BEGIN SUPPLIED DATA

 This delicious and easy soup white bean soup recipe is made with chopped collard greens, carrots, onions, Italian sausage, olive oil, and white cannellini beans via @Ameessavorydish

END SUPPLIED DATA
BEGIN SUPPLIED DATA

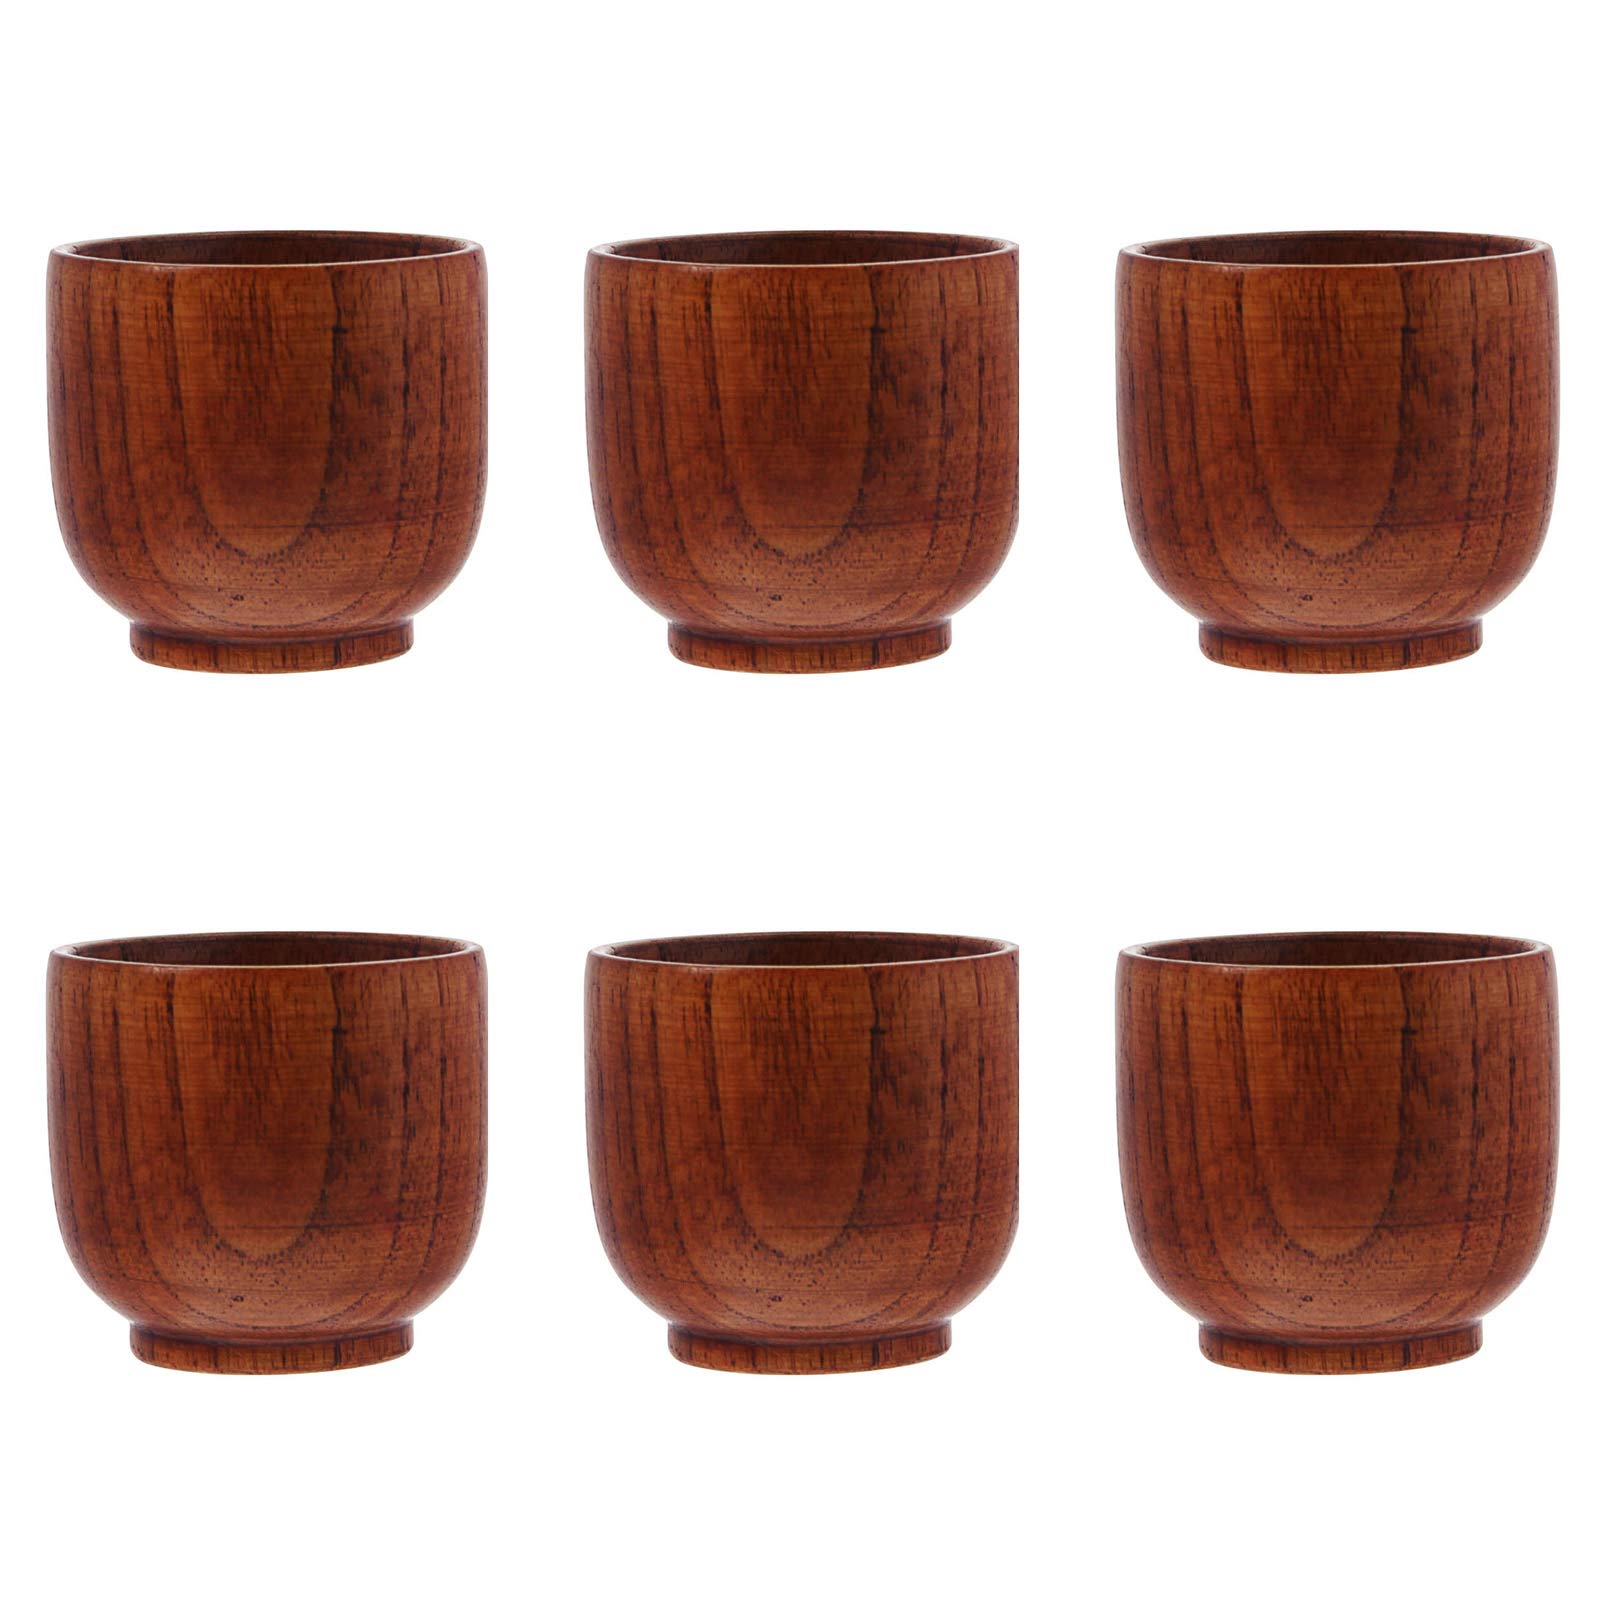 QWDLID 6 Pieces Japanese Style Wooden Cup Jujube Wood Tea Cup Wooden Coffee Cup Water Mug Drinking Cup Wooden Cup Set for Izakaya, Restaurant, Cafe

END SUPPLIED DATA
BEGIN SUPPLIED DATA

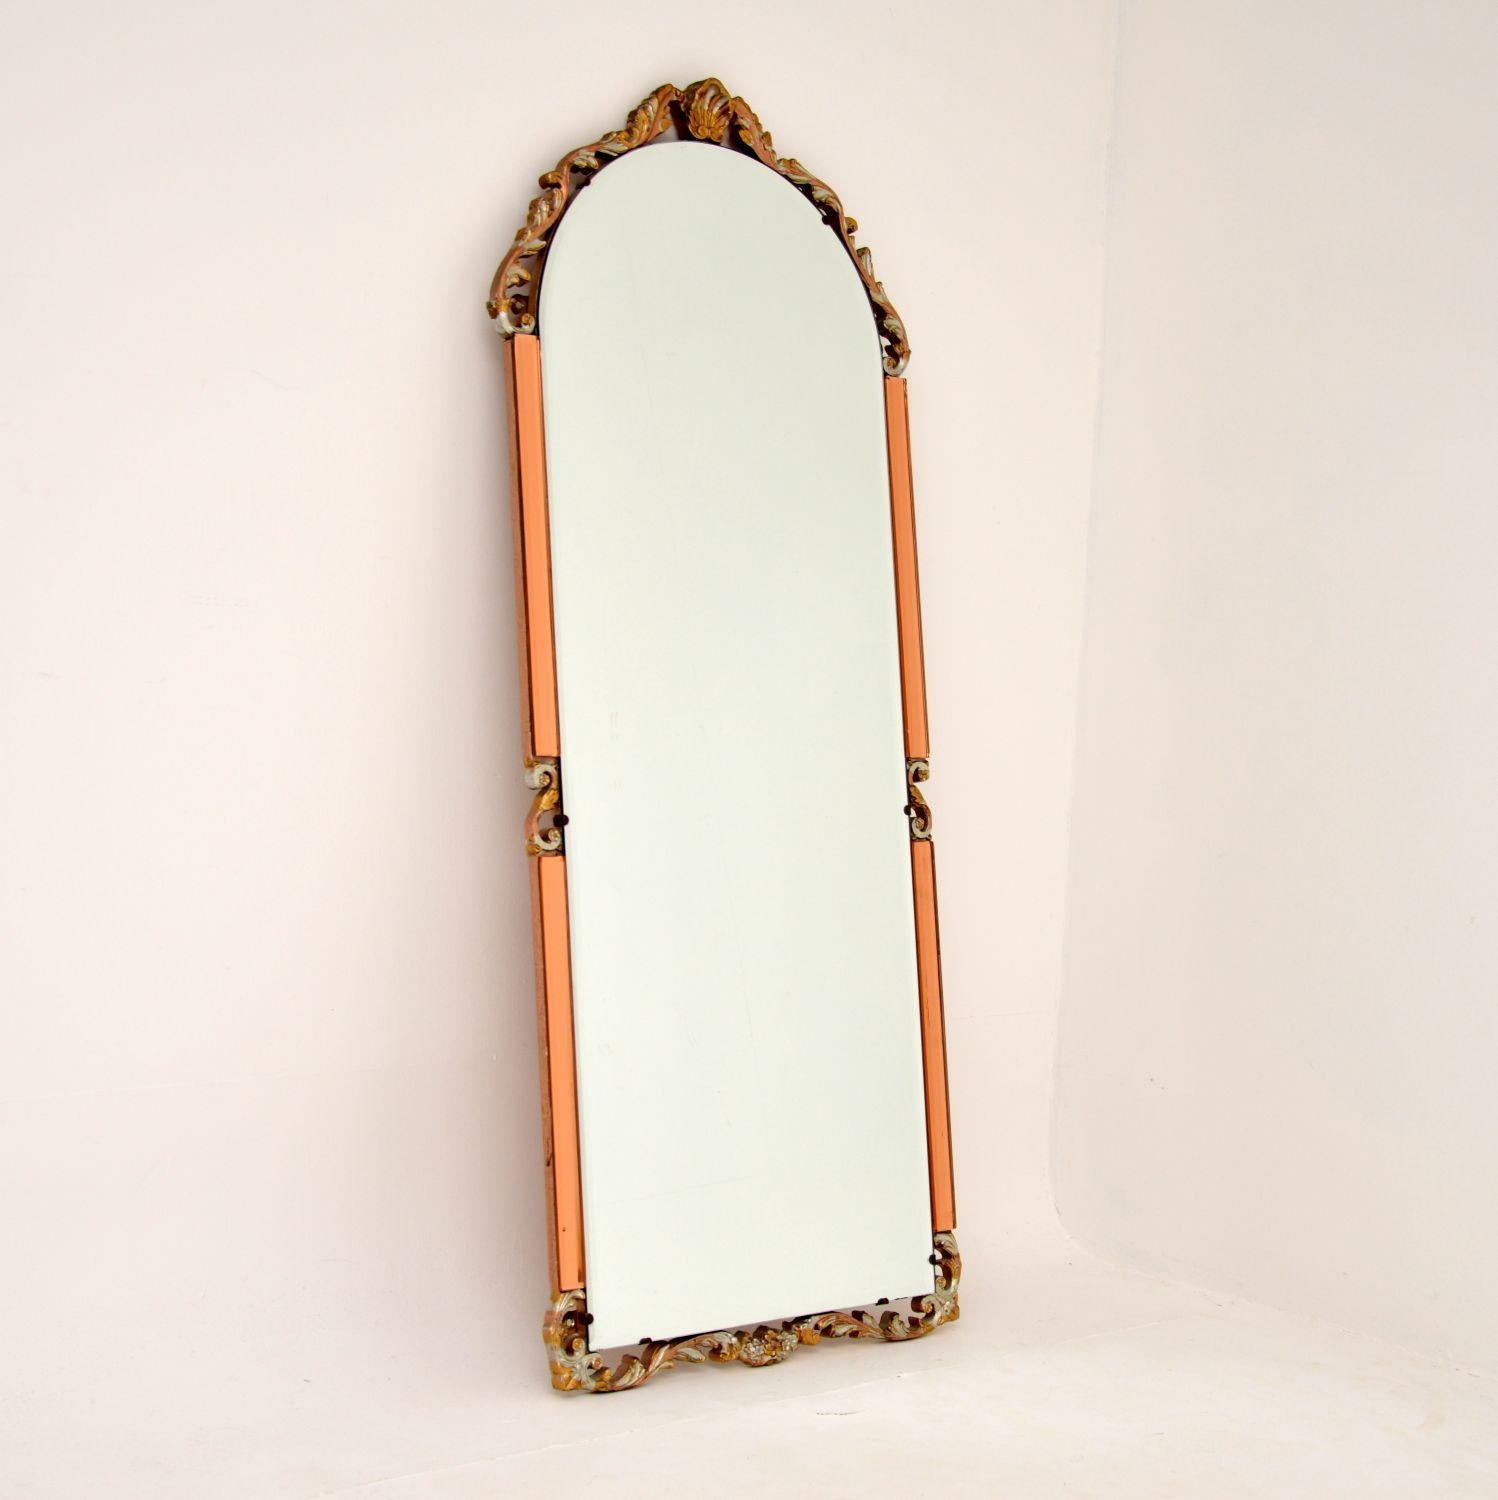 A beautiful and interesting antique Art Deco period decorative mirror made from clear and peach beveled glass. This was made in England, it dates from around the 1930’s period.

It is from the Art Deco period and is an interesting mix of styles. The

END SUPPLIED DATA

**EXERCISE**
Pictures excluded, reproduce only the part above that opens with the line holding "A beautiful and" and closes with the line holding "It is from the", exactly as written.

**WRITTEN RESPONSE**
 A beautiful and interesting antique Art Deco period decorative mirror made from clear and peach beveled glass. This was made in England, it dates from around the 1930’s period.

It is from the Art Deco period and is an interesting mix of styles. The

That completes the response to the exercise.